BEGIN Dataset excerpt

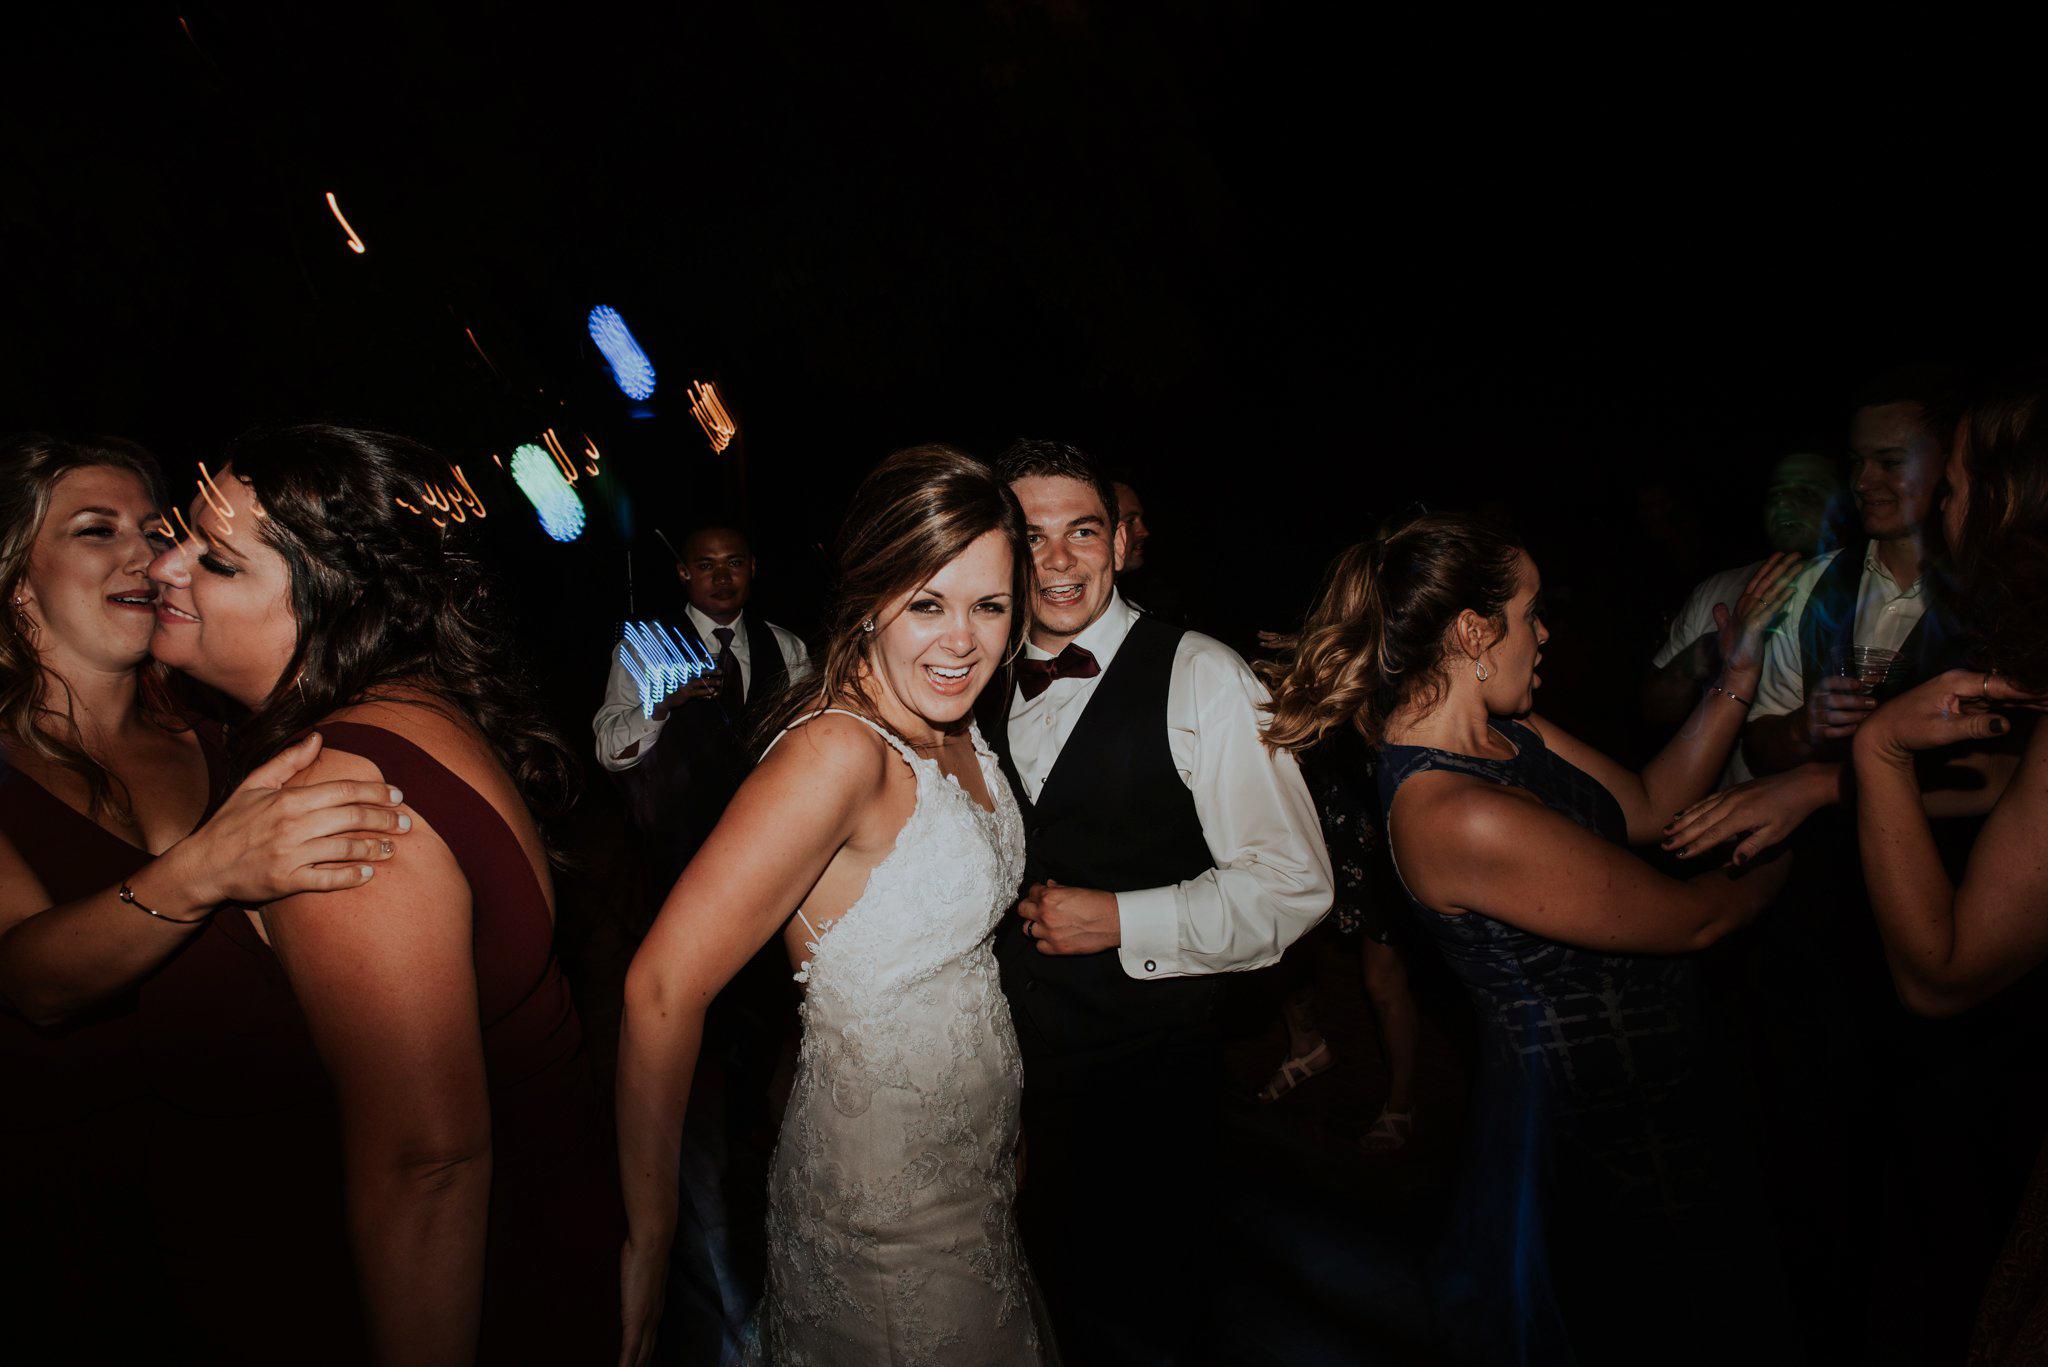 kristen-and-cody-the-kelley-farm-wedding-seattle-photographer-caitlyn-nikula-125.jpg
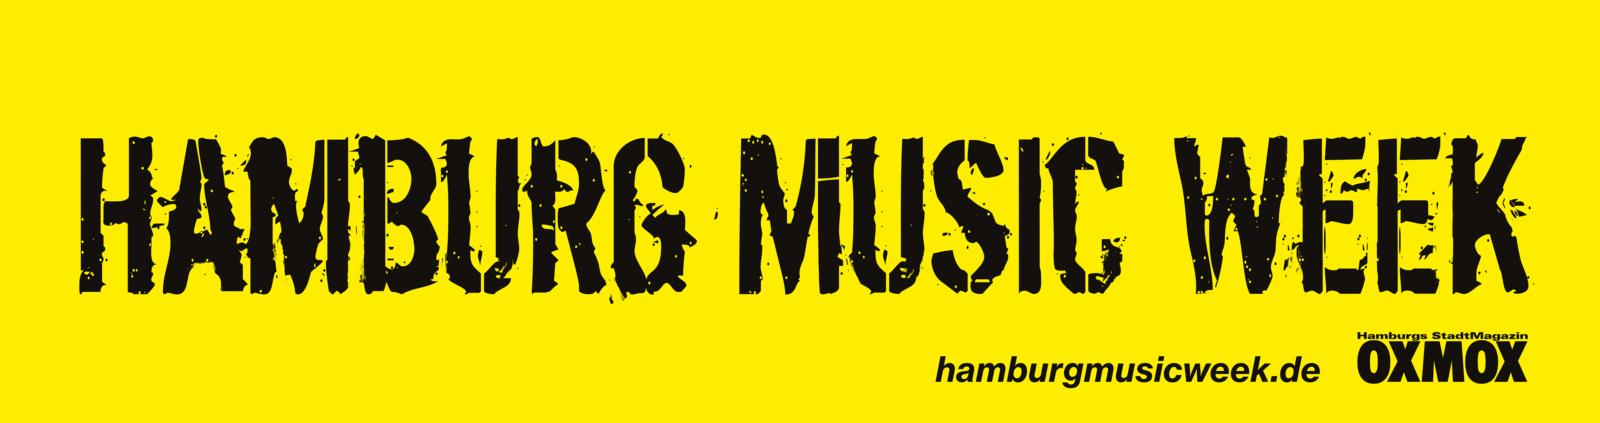 hamburg-music-week-logo
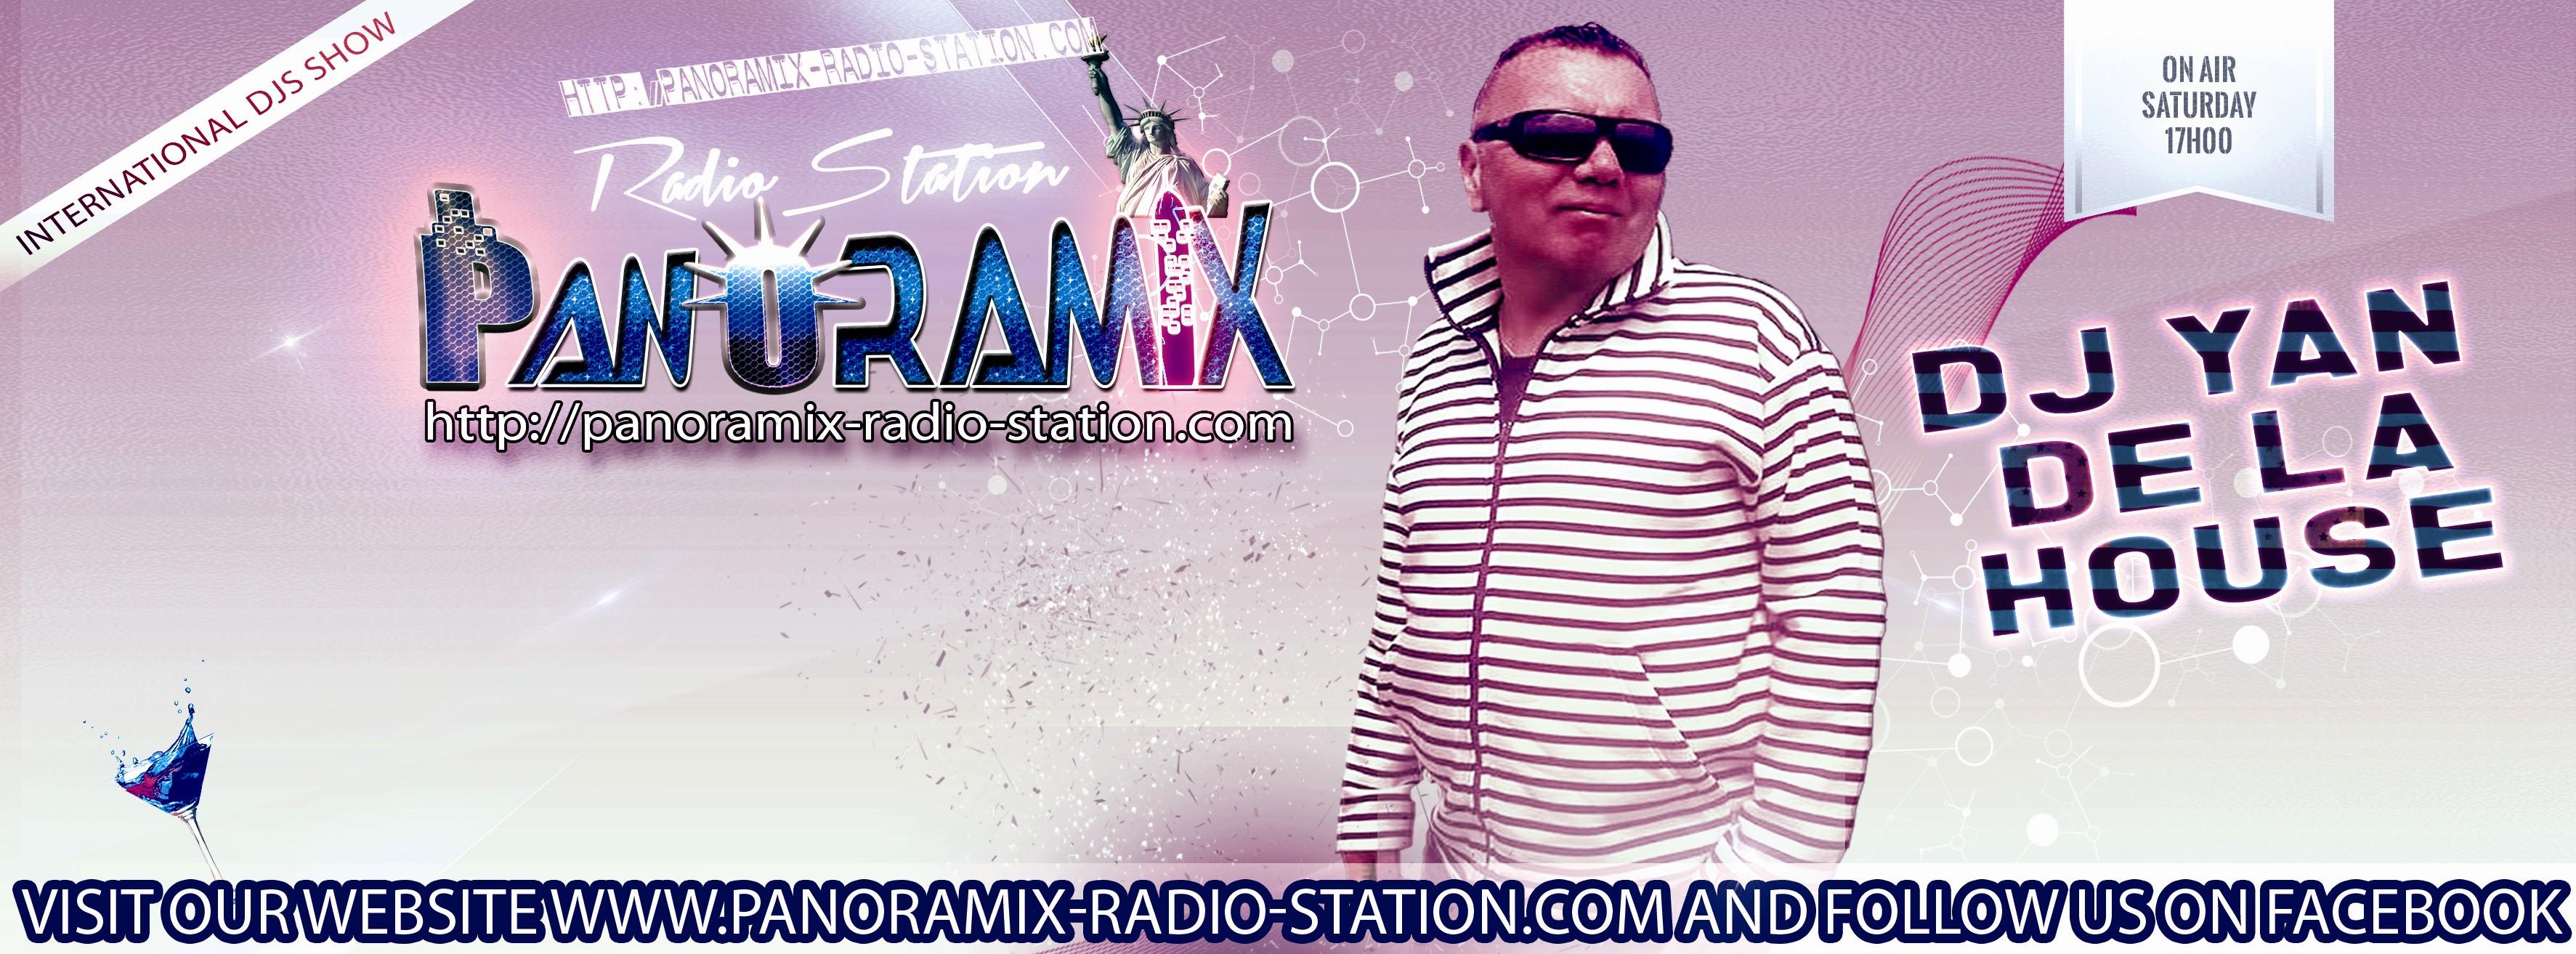 http://panoramix-radio-station.com/wp-content/uploads/2018/07/BANNIERE-2-DJ-YAN-HOUSE-panoramix-Récupéré.jpg

END Dataset excerpt

▶ [Exercise requirements]: Without the pictures, write out every line above exactly as it appears.

▶ [Output of the exercise]:
 kristen-and-cody-the-kelley-farm-wedding-seattle-photographer-caitlyn-nikula-125.jpg
 hamburg-music-week-logo
 http://panoramix-radio-station.com/wp-content/uploads/2018/07/BANNIERE-2-DJ-YAN-HOUSE-panoramix-Récupéré.jpg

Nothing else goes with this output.